The company said it has the most to gain and least to lose, since it has the smallest current base of iPhone customers.

Apple

Even as its board ponders T-Mobile’s long-term fate, the company’s management has its eye on a near-term gold mine: The next iPhone.

Although executives insist they don’t have much insight into what Cupertino has in store, they believe it will be a tremendous opportunity to snatch customers from bigger rivals.

That’s because T-Mobile has the fewest iPhone customers of any of the big carriers, and customers often consider switching when they get their next phone, executives said.

“We have a lot to gain and little to lose,” Chief Marketing Officer Mike Sievert said in an interview, following the company’s quarterly earnings report earlier on Thursday. “T-mobile is the brand people are switching to.”

T-Mobile added more than a million customers last quarter, though smartphone growth was somewhat slower than in the prior quarter.

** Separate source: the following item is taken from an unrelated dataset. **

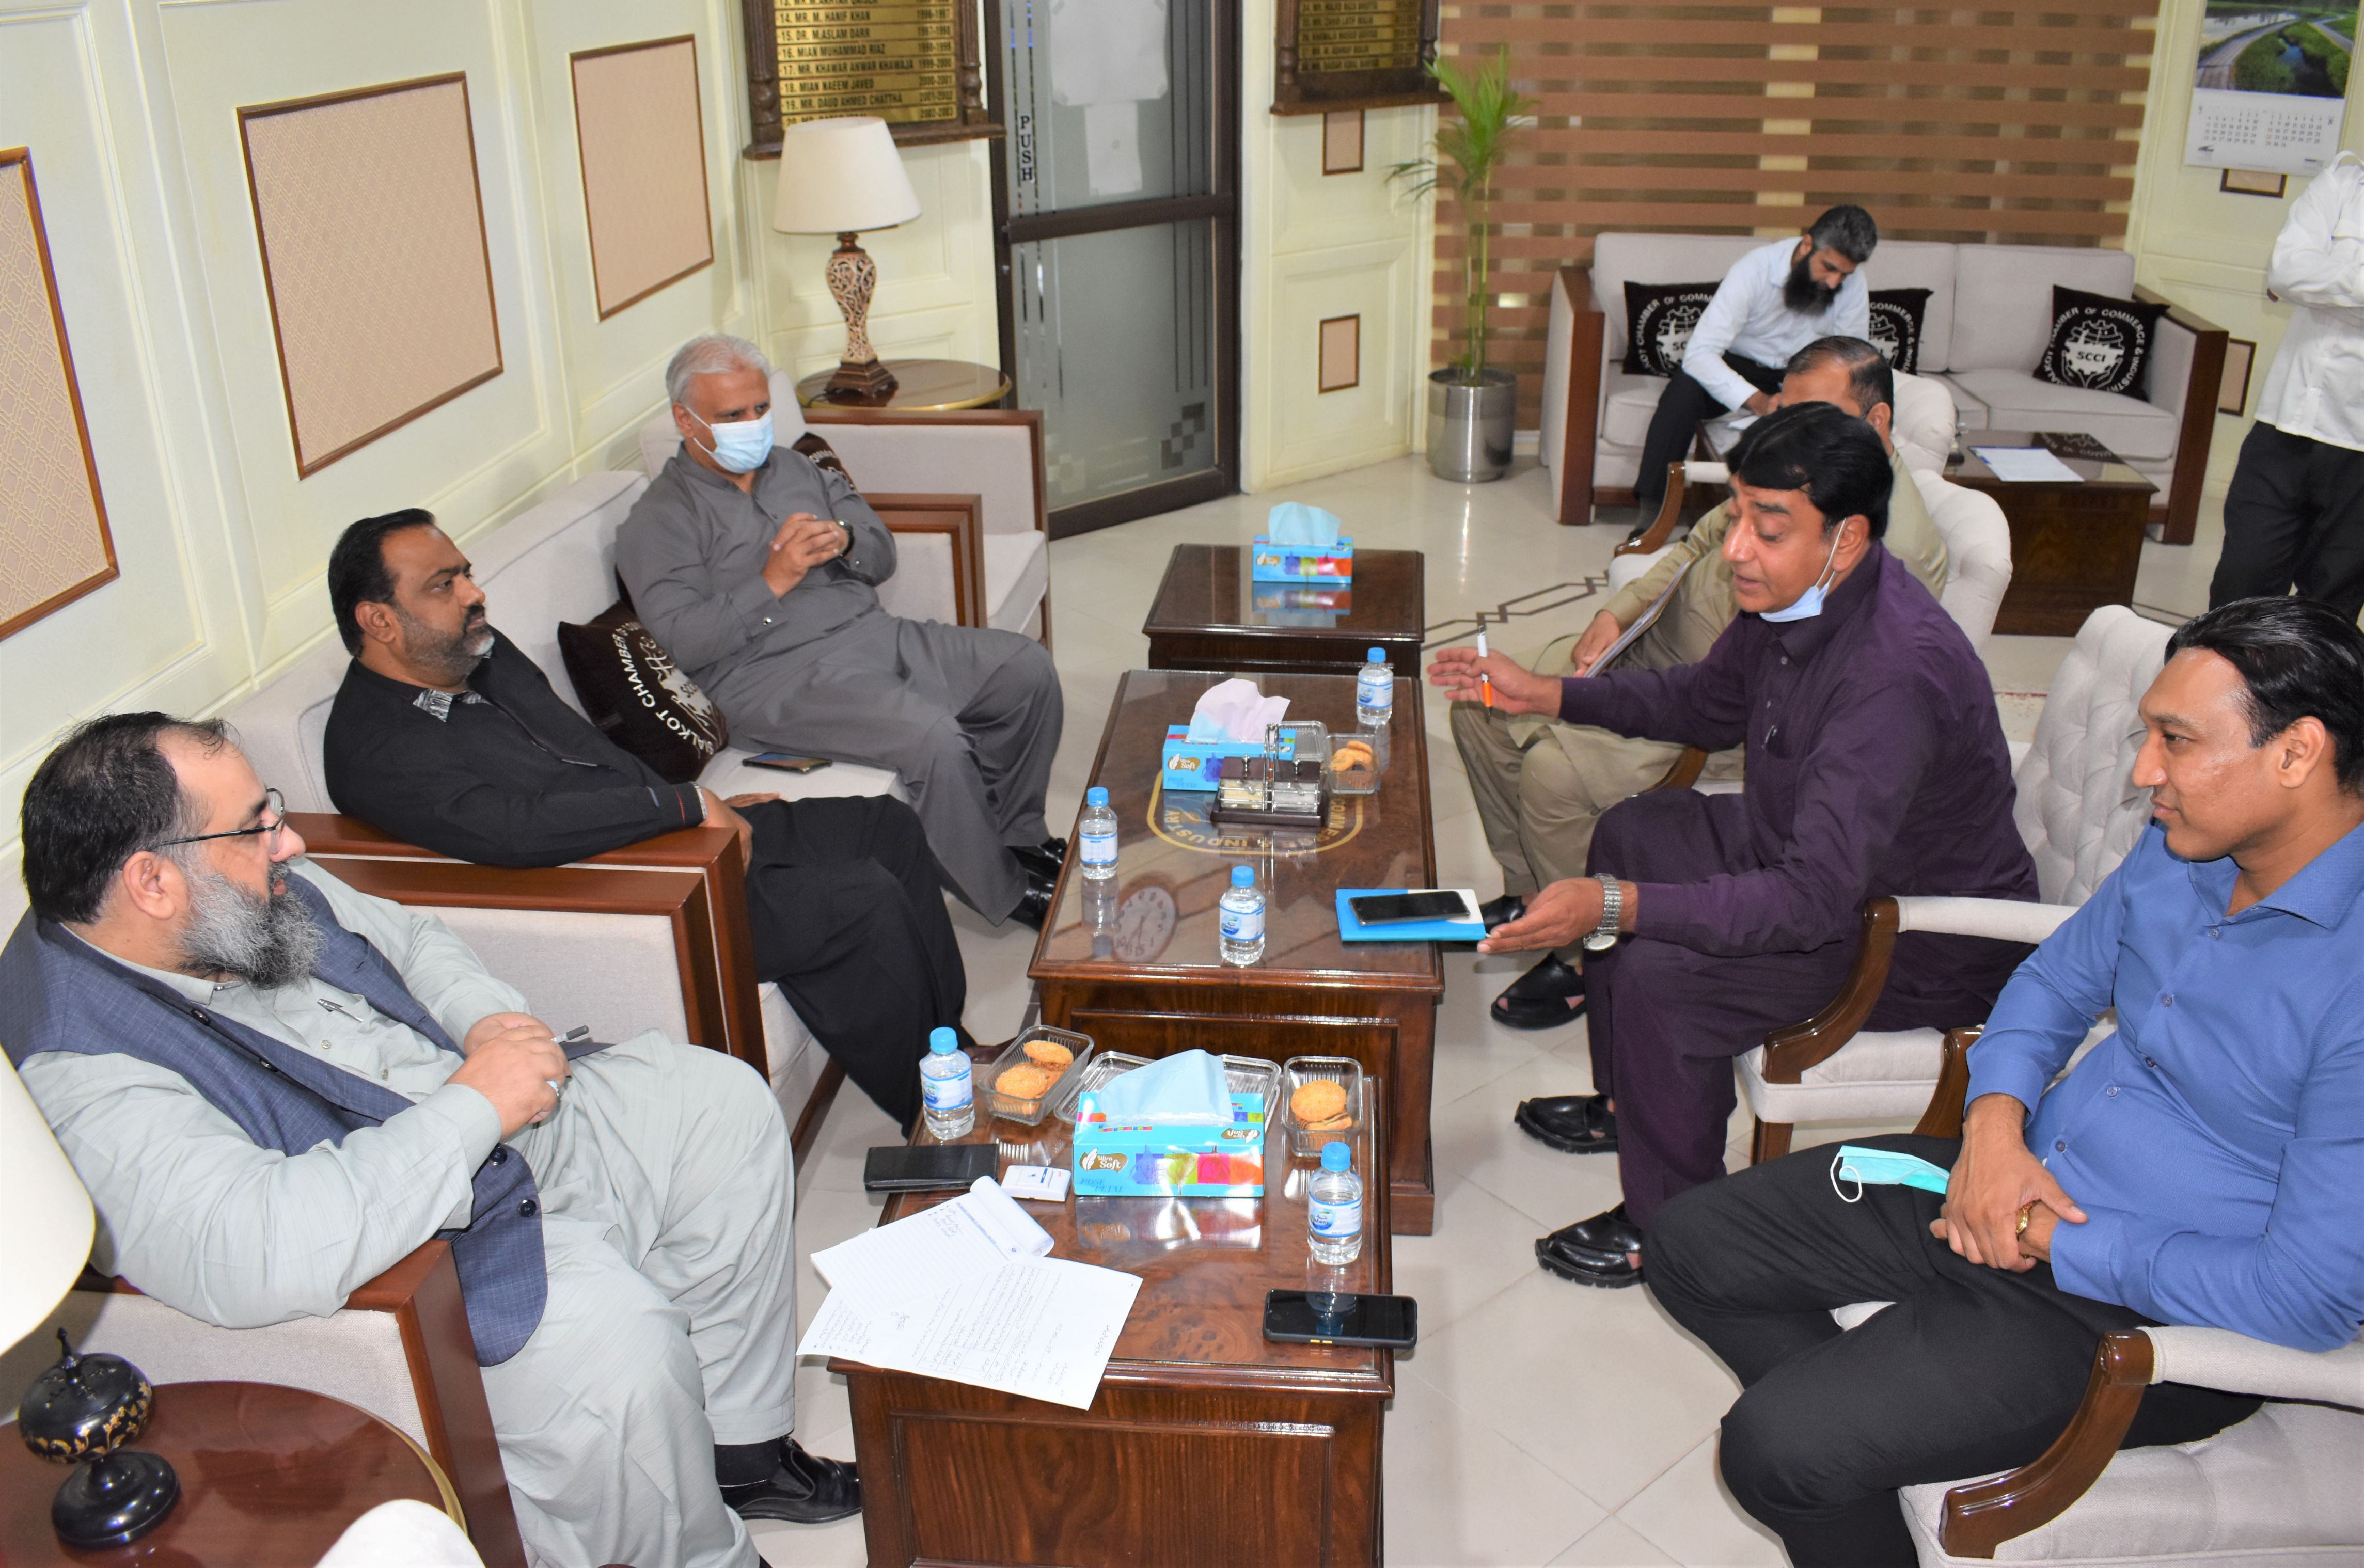 On August 03, 2021, Mr. Khuram Aslam, Senior Vice President and Mr. Ansar Aziz Puri, Vice President, Sialkot Chamber of Commerce & Industry had a meeting with Mr. Rana Saqlain Mehmood, Municipal Officer (Finance) and Mr. Aijaz Malik, Municipal Officer (Regulations) to discuss issues relating to Municipal Corporation Sialkot.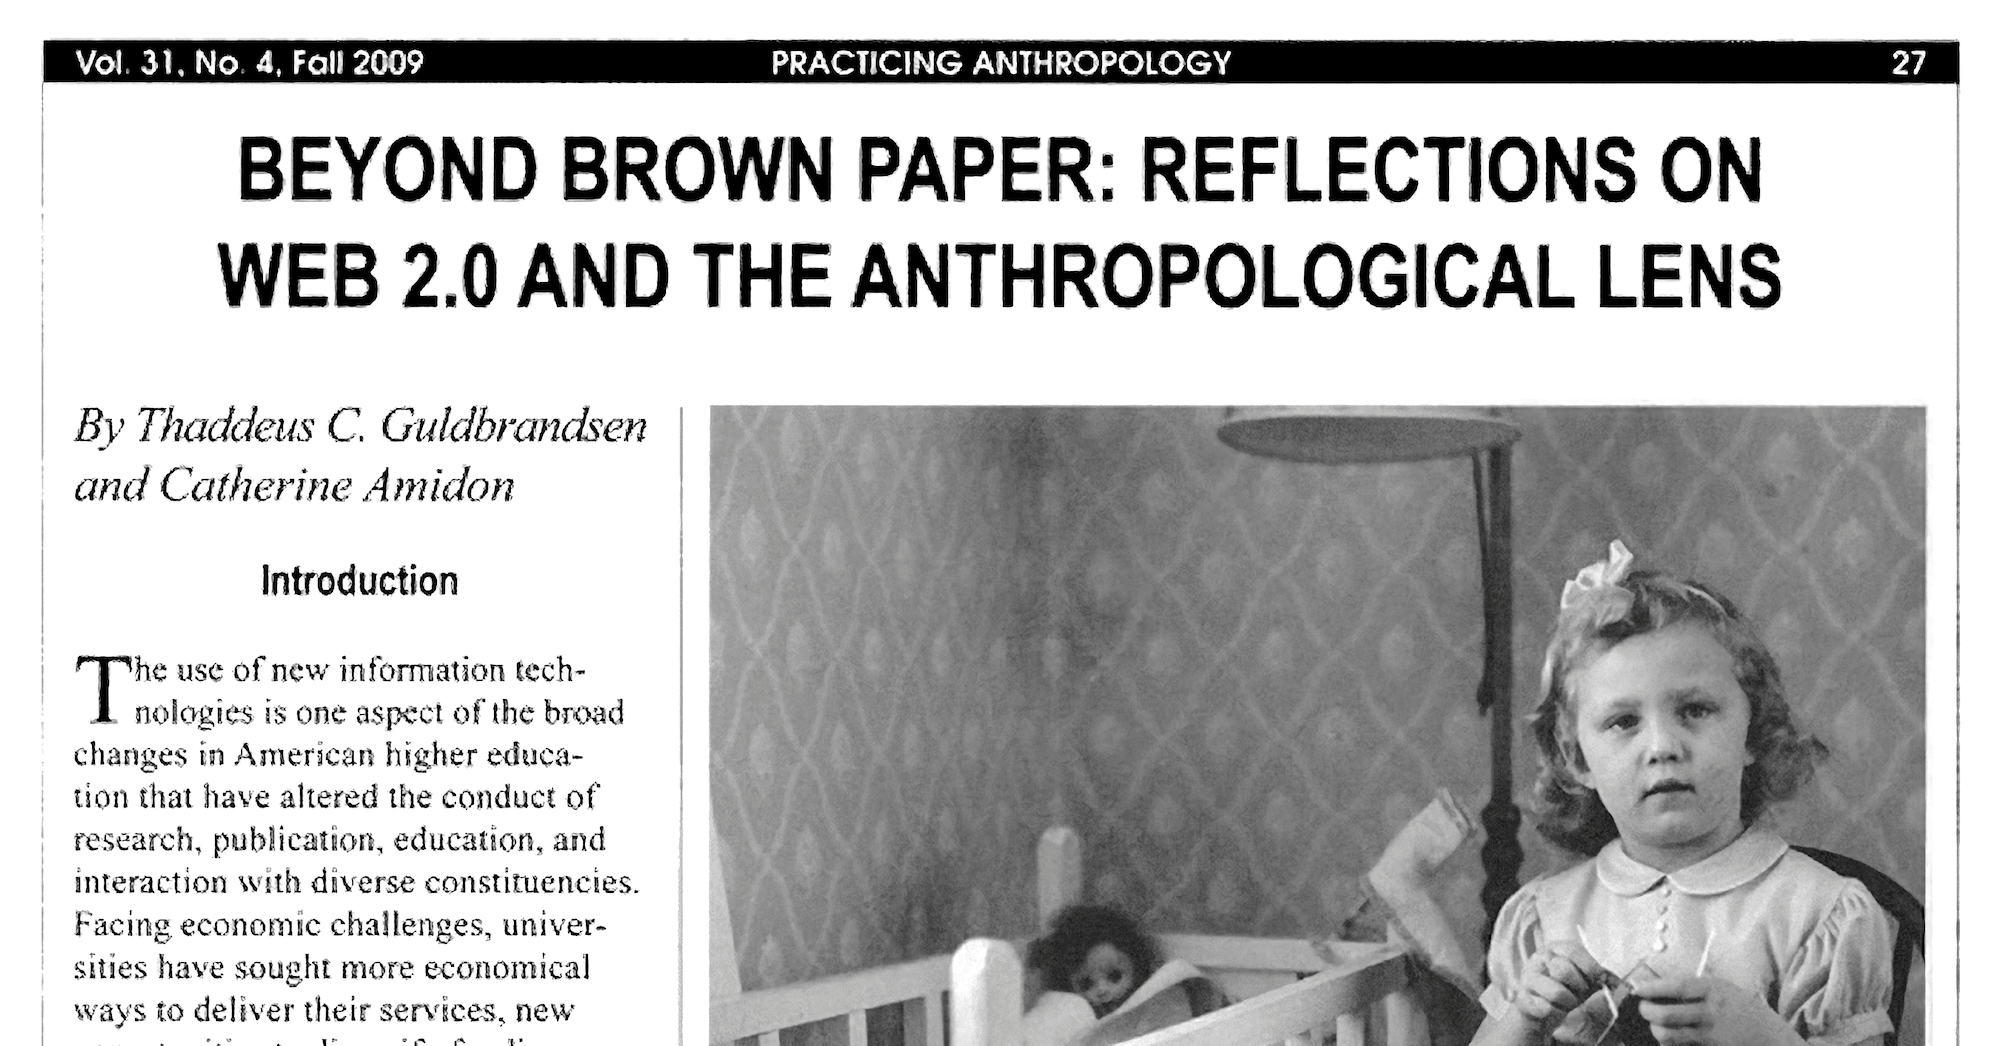 A sample of the article as it appeared in The Journal of Practicing Anthropology&rsquo;s fall 2009 issue.

Sievert acknowledged that some customers appear to be waiting for upcoming devices, but said that he didn’t see a long-term stall in the market.

Instead, Sievert said T-Mobile is preparing for a world in which customers have not only more total devices, but even multiple phones. That means supporting the technology needed to allow calls to easily be shifted from one device to another.

“We think that is a serious opportunity,” Sievert said. “It’s what people want so we will develop it.”

T-Mobile launched a seven-day iPhone test drive with a goal of having a million people try out the device in the first year. Sievert said the company is getting good feedback and gaining a higher percentage of customers from the test drive than a typical store visit, but declined to say how many people have switched to T-Mobile as a result of the test drive.

And while tablet growth overall may be slowing, sales of models connected to a cellular network has grown for both T-Mobile and its rivals.

“I haven’t seen any saturation,” CEO John Legere told Re/code.